The PREs observed from Gal4 AD spin-labels on ABD1 and ABD2 are each consistent with previous results obtained from spin-labeled versions of Gcn4 AD. The pattern of Gal4 AD PREs are highly similar to the pattern of Gcn4 AD PREs, as clearly illustrated in correlation plots (Supplementary Fig. 4c–e). Importantly the analysis reveals that Gal4 AD PREs correlate strongly with each other and with Gcn4 AD PREs. A correlation between PREs that emanate from Gal4 positions that are 12 residues apart means that these residues, on average, occupy similar positions for similar amounts of time on the ABDs. Thus, the parsimonious conclusion to be drawn is that, as with Gcn4–Med15 binding, a single orientation of bound Gal4 AD cannot satisfy the PRE data. This situation implies that Gal4 AD adopts a fuzzy interface upon binding to Med15 ABD1 and ABD2.

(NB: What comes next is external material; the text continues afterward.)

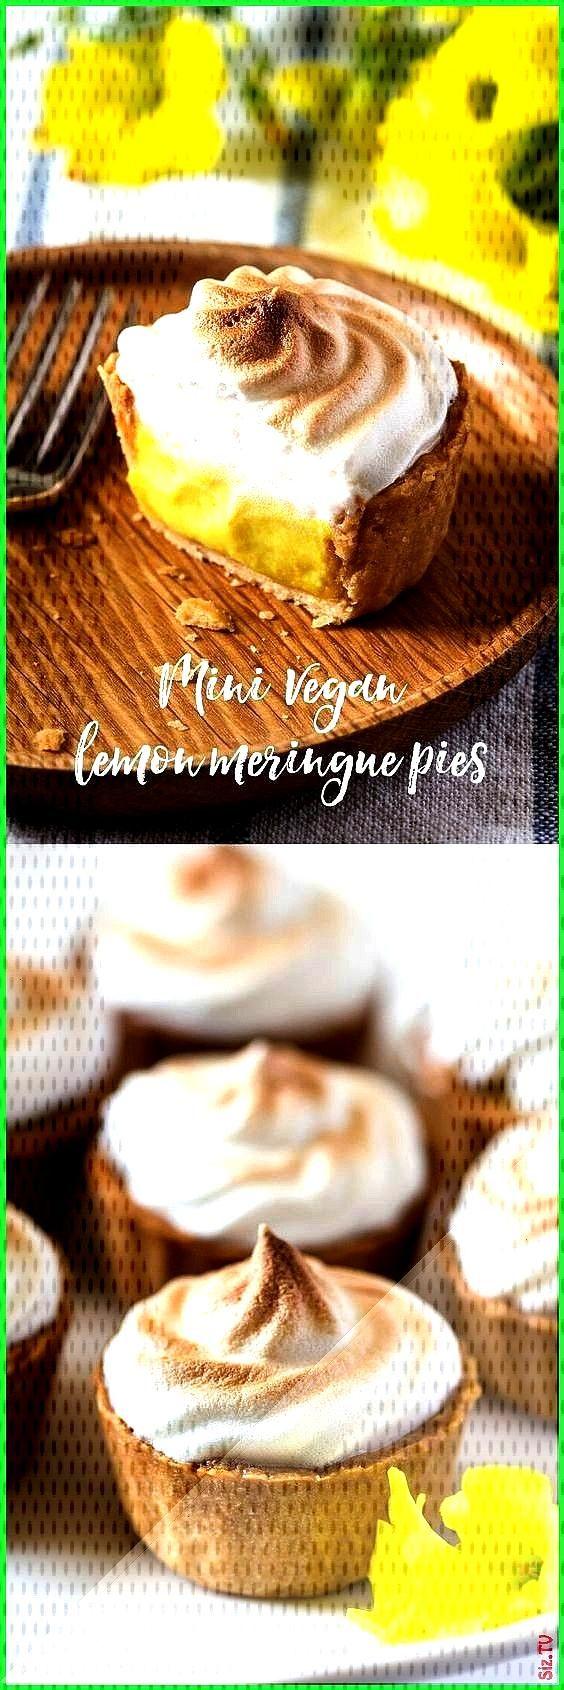 vegan lemon meringue pies lemonmeringuepie mini vegan lemon meringue pies lemonmeringuecupcakes min

Multiple ABD:AD structure states are required to satisfy the PRE data

The highly correlated PREs from multiple spin-label sites is consistent with (but not required for) fuzzy binding. To examine the situation more rigorously, we set out to determine whether PRE data from even a single spin-label site could be satisfied by a fixed orientation ABD:AD structure. The Gal4 AD T860C-TEMPO spin-label data correlate extremely well with the Gcn4 cAD S117C-TEMPO spin-label data previously published32 (Supplementary Fig. 4c). The NMR solution structure for ABD1 and Gcn4 cAD has been solved (pdb 2LPB)33 using extensive experimentally derived restraints (chemical shifts, dihedral angles, and nuclear Overhauser enhancements (NOEs); BMRB 18244). We used the structure and associated restraints as a starting point to determine whether the Gcn4 cAD S117C-TEMPO spin-label PRE data could be satisfied with a single-state ABD1:cAD structure or whether instead an ensemble of multiple ABD1:cAD orientations was required. We compared the total energy and PRE energy terms for ensemble structures containing up to six members (see “Methods”). The energy terms calculated for a single-state structure are dramatically improved by addition of even just one additional ensemble member, and additional improvements are predicted for three- and four-member ensembles (Fig. 5e). Ensemble sizes larger than four did not substantially improve the energy terms. The PRE data were converted into an R2-like relaxation rate for structure refinement using Xplor-NIH (black line Fig. 5f). Again, an ensemble of two or more states is required to recapitulate the PRE data (red lines Fig. 5f). The analysis supports the conclusion that ABD1:cAD is a fuzzy complex, as previously determined33. By extrapolation, the strong correlation between Gal4 AD PREs and those of Gcn4 cAD supports the conclusion that the Gal4 AD also forms a fuzzy complex with ABD1.

Discussion

Our functional studies identify two hydrophobic-containing regions in a minimal Gal4 AD that contribute to transcriptional activation. Both regions are required for robust transcription activation in vivo, as each individual region has only modest activation activity on its own. Such behavior is reminiscent of the Gcn4 nAD, in which four hydrophobic clusters distributed over 100 residues are required for full function and no single hydrophobic cluster can activate transcription effectively on its own. Both Gal4 AD regions interact directly with ABDs of Med15, as evidenced by NMR, with Region 2 appearing to dominate the binding. We note that the most C-terminal hydrophobic cluster in the Gcn4 nAD also shows the largest CSPs, despite additional clusters being functionally important. These two examples contrast with the Gcn4 cAD, whose function is largely encoded within a single short sequence embedded in a disordered, acidic polypeptide31,33,34. Important hydrophobic residues are spread over a 20–30 residue range in yeast transcription activators Met4 and Ino2, suggesting that hydrophobic residues distributed over an AD are more common than a single short dominant sequence. This model offers a rationale for why conserved sequence motif(s) have not been identified among transcription activators. Furthermore, the interactions are weak and transient, with an upper limit on the lifetime of an AD/ABD1 complex of around 4 ms. We suggest that the multiple short hydrophobic regions contribute to Med15 binding by a mechanism similar to avidity or allovalency39. By this mechanism, multiple weak binding sites in the AD act to increase the effective affinity for multiple binding sites on Med15 by decreasing the dissociation rate of the two molecules and effectively increasing the local concentration of the binding partners. This binding mechanism can also explain the positive contribution of entropy to Med15 binding observed with Gcn4, Ino2, Met4, and Gal4 ADs31,33,36.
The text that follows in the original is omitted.